The Superior Colliculus and Head Movements in the Cat

Chapter 45 The Superior Colliculus and Head Movements in the Cat
The Head-Neck Sensory Motor System

Vivian C. Abrahams

E. Dawne Downey

Adriana A. Kori

Oxford University Press

Abstract and Keywords

There seems to be little doubt that the superior colliculus of the cat plays a crucial role in head movement.
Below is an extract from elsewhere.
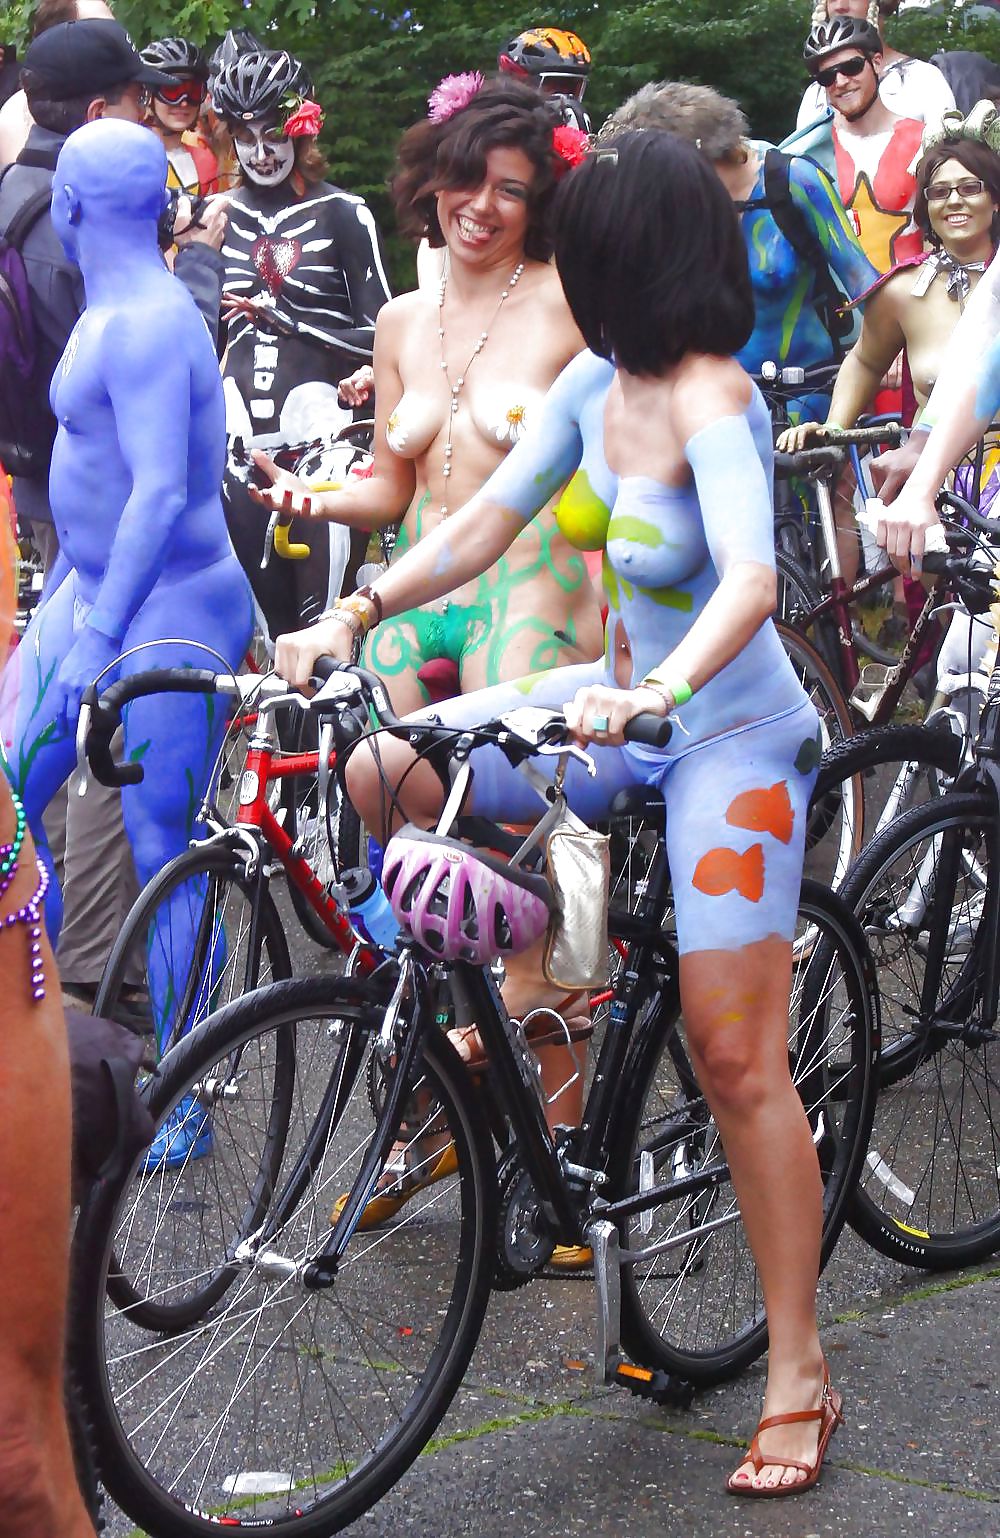 Sport Nackt Fahrrad #rec Muschi Auf Dem Fahrrad Von Den Benutzern Gall4 #5522774

The proof comes largely from a single kind of experiment in which the superior colliculus is stimulated electrically and occasionally chemically. The movements that stimulation generates have long been regarded as close to natural movement. Some believe that stimulating the tectum and protectum led to the animals executing turning movements, and gave to them the term, “visual-grasp reflex.” The experiments by Apter were on anesthetized cats. In this case, crystals of strychnine were place on the exposed superior colliculus. The application of the crystals first caused an increase in the visual evoked potential.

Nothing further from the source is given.